[Fixed]-Commit manually in Django data migration

11👍

The best workaround I found is manually exiting the atomic scope before running the data migration:

def modify_data(apps, schema_editor):
    schema_editor.atomic.__exit__(None, None, None)
    # [...]

In contrast to resetting connection.in_atomic_block manually this allows using atomic context manager inside the migration. There doesn’t seem to be a much saner way.

One can contain the (admittedly messy) transaction break out logic in a decorator to be used with the RunPython operation:

def non_atomic_migration(func):
  """
  Close a transaction from within code that is marked atomic. This is
  required to break out of a transaction scope that is automatically wrapped
  around each migration by the schema editor. This should only be used when
  committing manually inside a data migration. Note that it doesn't re-enter
  the atomic block afterwards.
  """
  @wraps(func)
  def wrapper(apps, schema_editor):
      if schema_editor.connection.in_atomic_block:
          schema_editor.atomic.__exit__(None, None, None)
      return func(apps, schema_editor)
  return wrapper

Update

Django 1.10 will support non-atomic migrations.

8👍

From the documentation about RunPython:

By default, RunPython will run its contents inside a transaction on databases that do not support DDL transactions (for example, MySQL and Oracle). This should be safe, but may cause a crash if you attempt to use the schema_editor provided on these backends; in this case, pass atomic=False to the RunPython operation.

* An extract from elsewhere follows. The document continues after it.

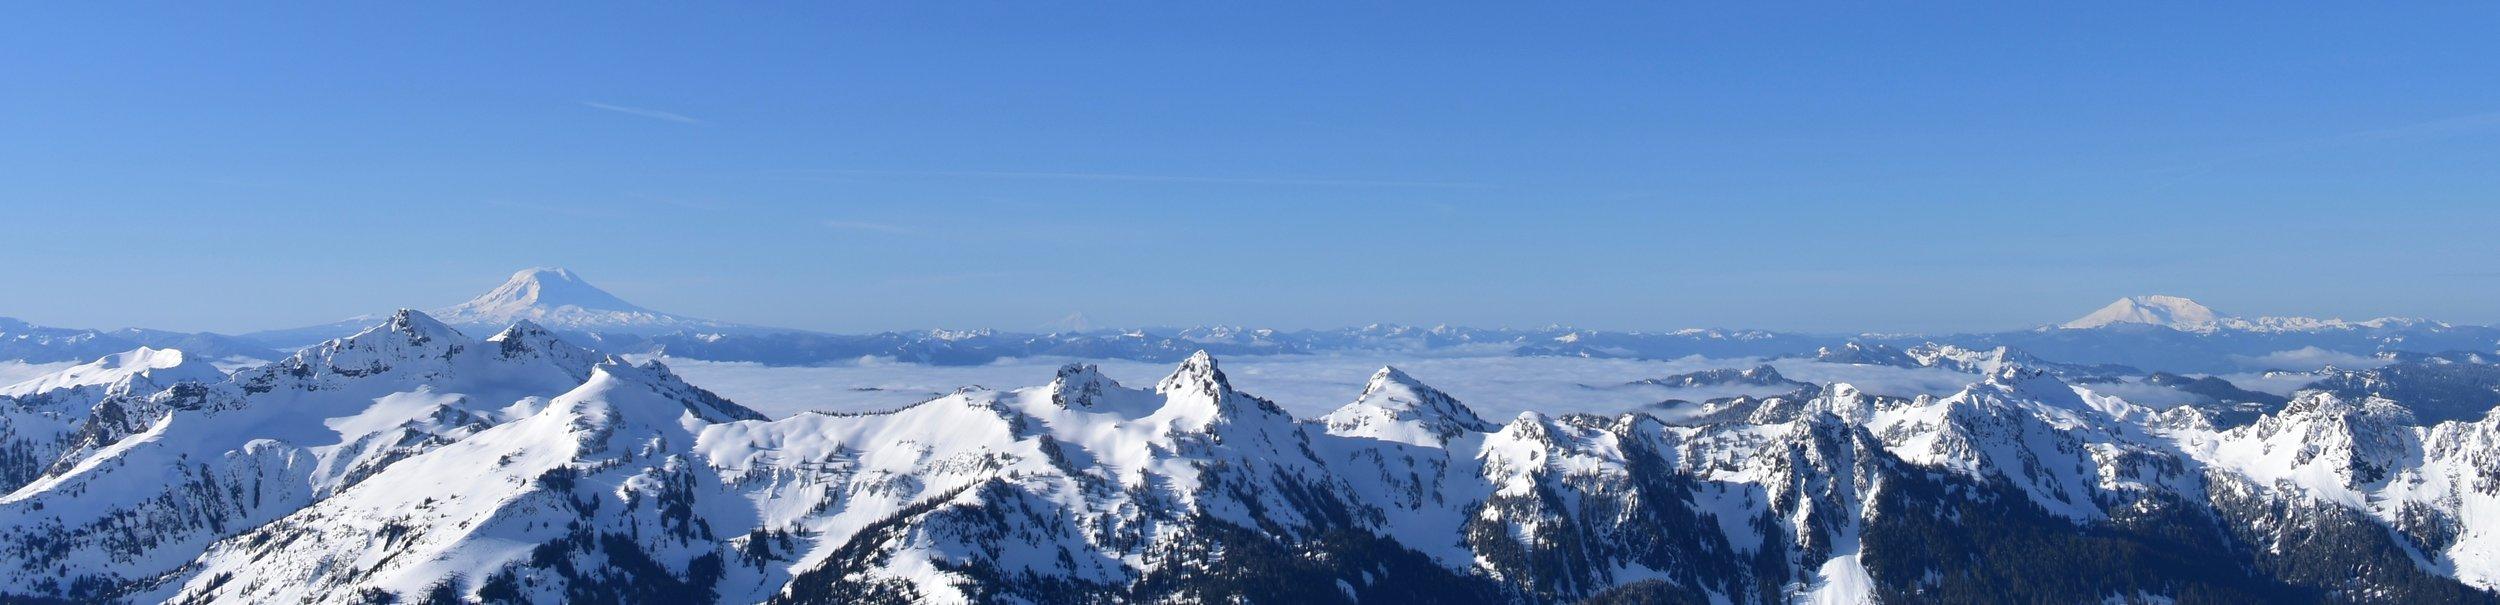 Left to Right: Mt. Adams, Mt. Hood, Mt. Saint Helens

So, instead of what you’ve got:

class Migration(migrations.Migration):
  operations = [
      migrations.RunPython(modify_data, atomic=False),
  ]

1👍

First you need to set Migration.atomic = False

class Migration(migrations.Migration):
    atomic = False

Then in your function you can wrap certain block of code inside of transaction.atomic() to make only that block atomic

from django.db import transaction

for row in rows:
    with transaction.atomic():
        do_something(row)
        # Changes made by `do_something` will be committed by this point

Here’s the relevant documentation: https://docs.djangoproject.com/en/4.1/howto/writing-migrations/#non-atomic-migrations

Gotcha: migrations.RunPython(forwards_func, atomic=False) does NOT do what you want. It prevents django from manually putting your migration code inside a transaction, which it doesn’t do for Postgresql anyway. This atomic=False option is meant for DBs that don’t support DDL transaction, as stated in their documentation: https://docs.djangoproject.com/en/4.1/ref/migration-operations/#runpython

By default, RunPython will run its contents inside a transaction on databases that do not support DDL transactions (for example, MySQL and Oracle). This should be safe, but may cause a crash if you attempt to use the schema_editor provided on these backends; in this case, pass atomic=False to the RunPython operation.

On databases that do support DDL transactions (SQLite and PostgreSQL), RunPython operations do not have any transactions automatically added besides the transactions created for each migration.

0👍

For others coming across this. You can have both data (RunPython), in the same migration. Just make sure all the alter tables goes first. You cannot do the RunPython before any ALTER TABLE.